--- Data shown ---
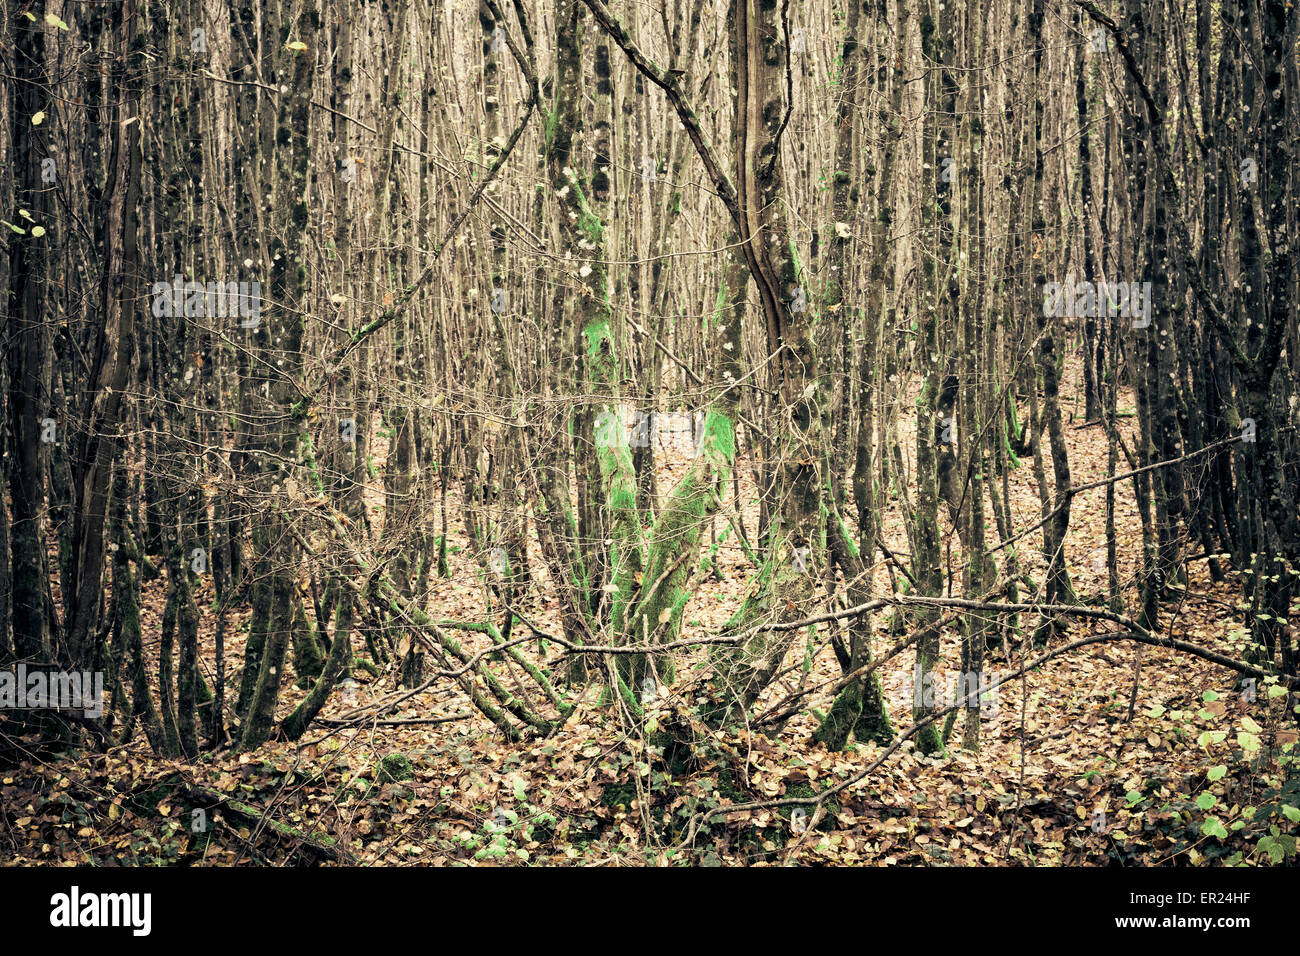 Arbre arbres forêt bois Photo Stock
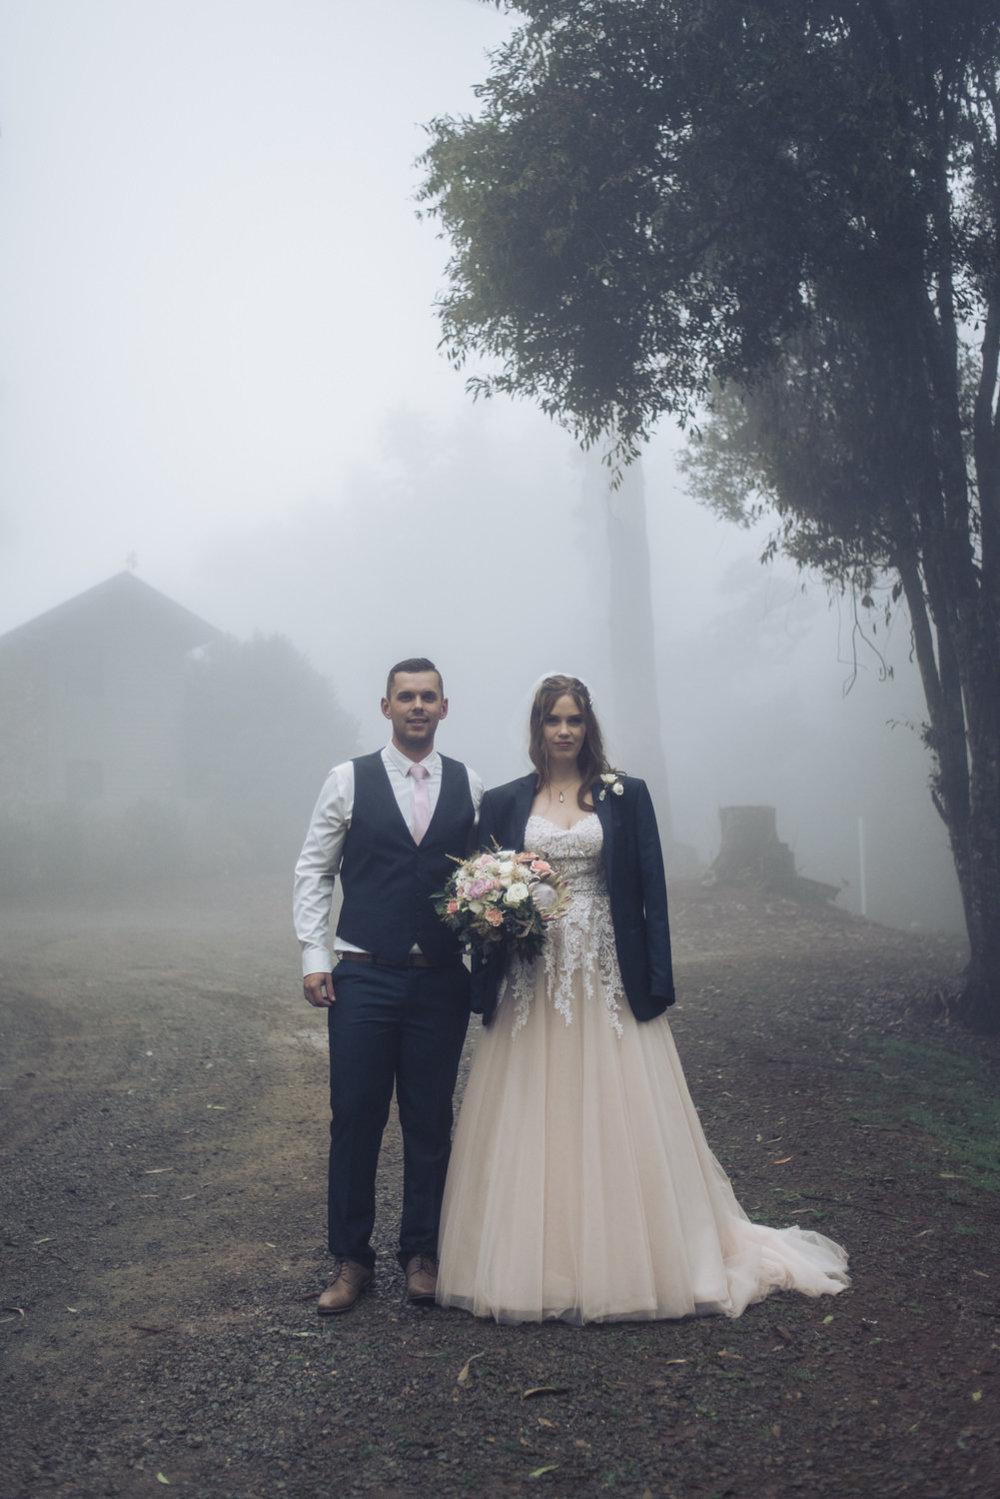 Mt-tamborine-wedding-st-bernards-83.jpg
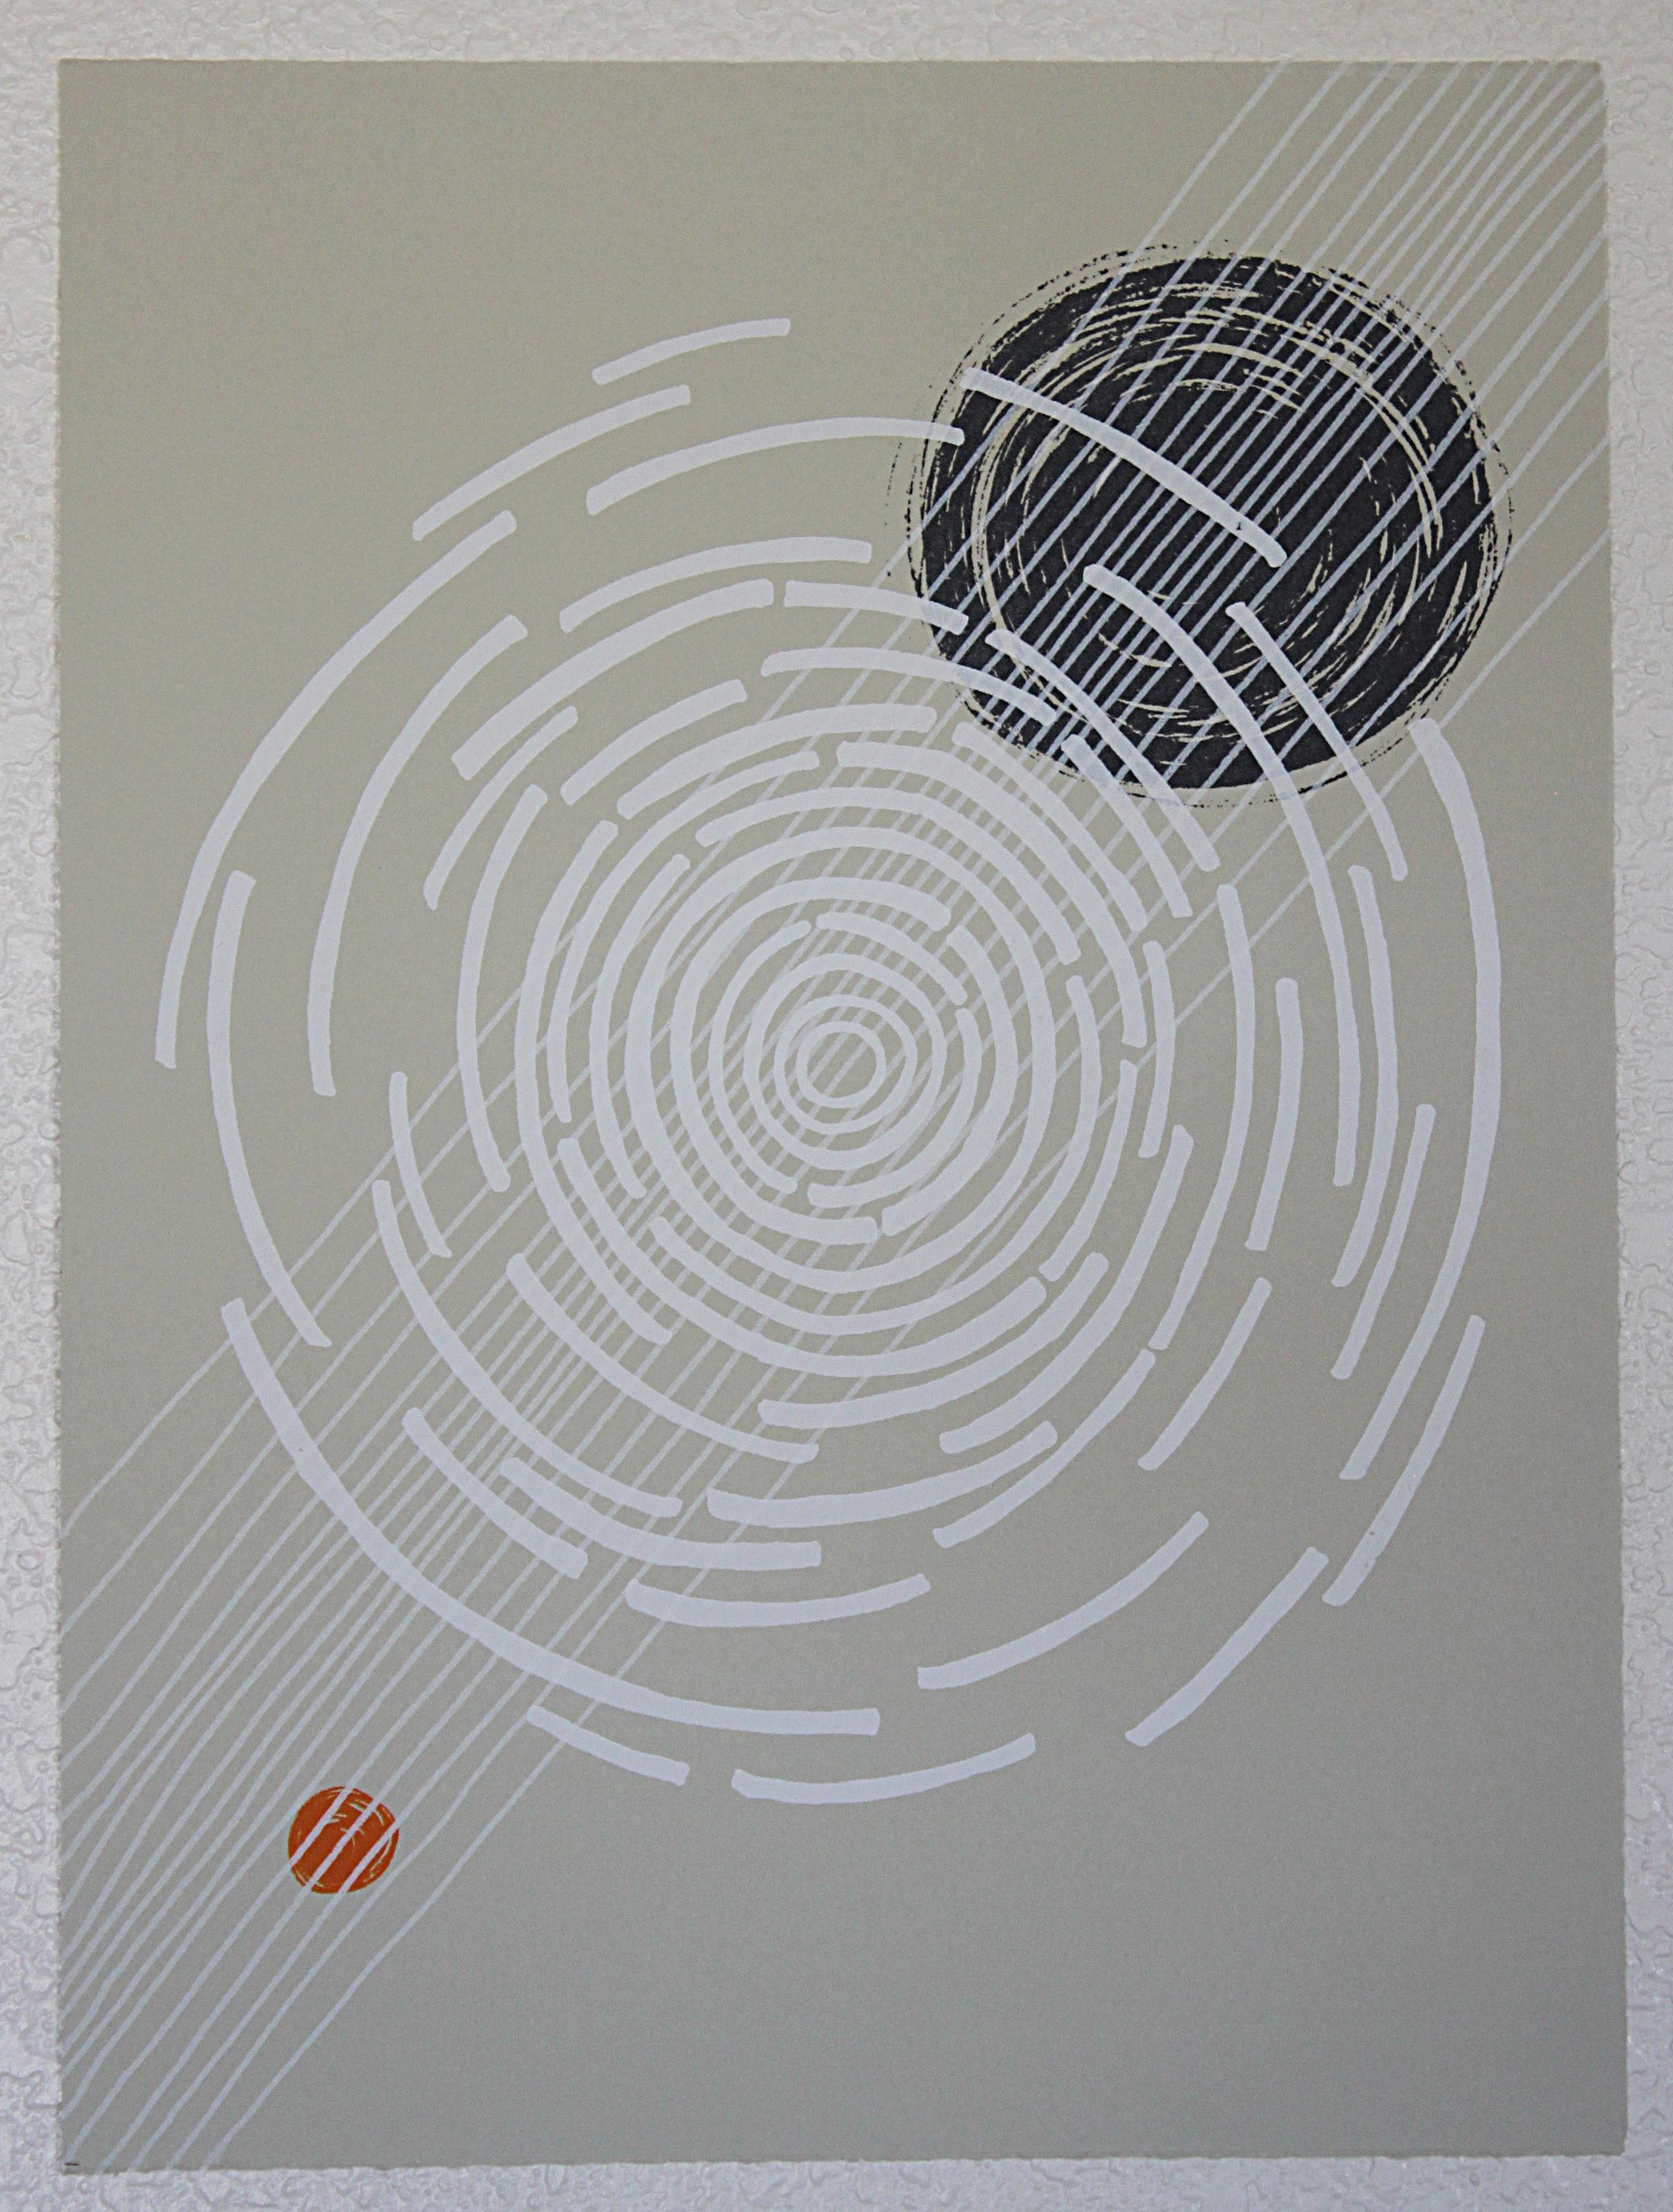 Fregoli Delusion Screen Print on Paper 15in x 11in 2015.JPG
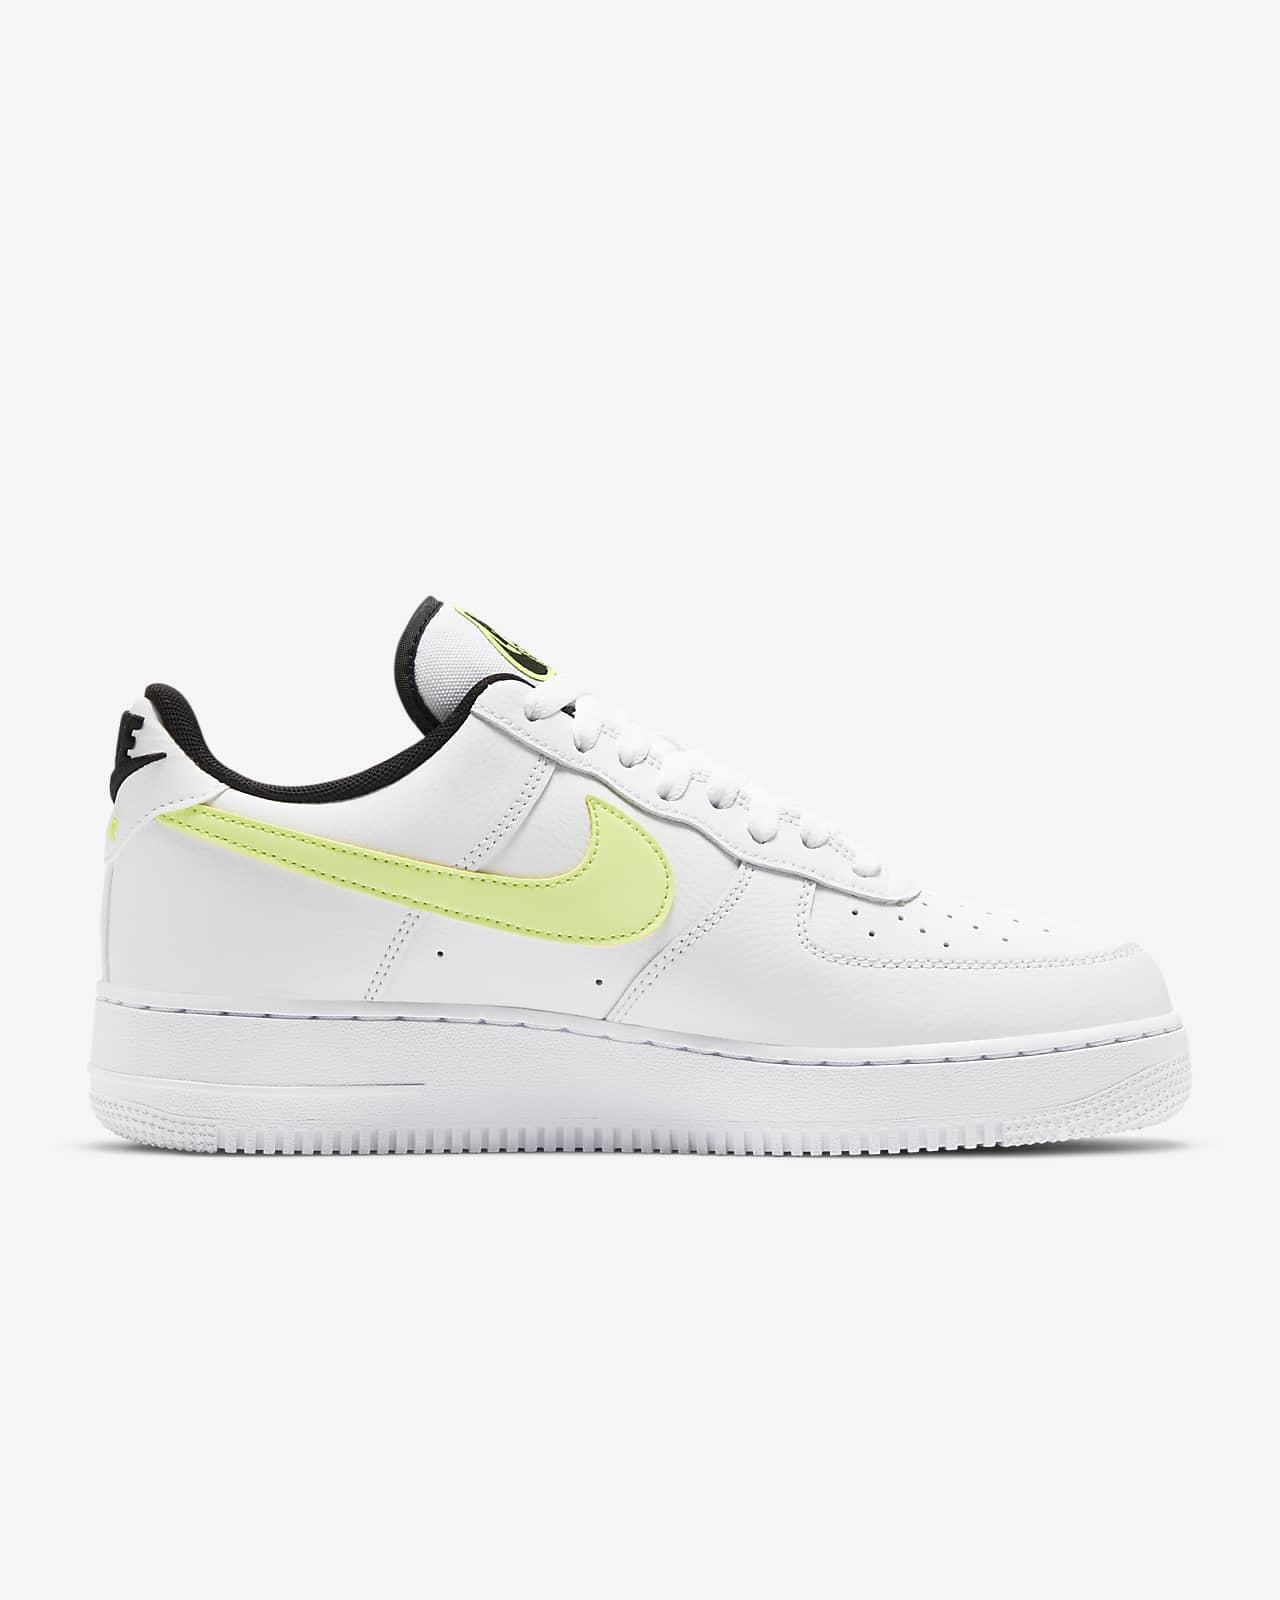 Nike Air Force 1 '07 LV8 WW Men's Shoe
---
Reproduce the preceding material exactly, skipping pictures.

 Arbre arbres forêt bois Photo Stock
 Mt-tamborine-wedding-st-bernards-83.jpg
 Fregoli Delusion Screen Print on Paper 15in x 11in 2015.JPG
 Nike Air Force 1 '07 LV8 WW Men's Shoe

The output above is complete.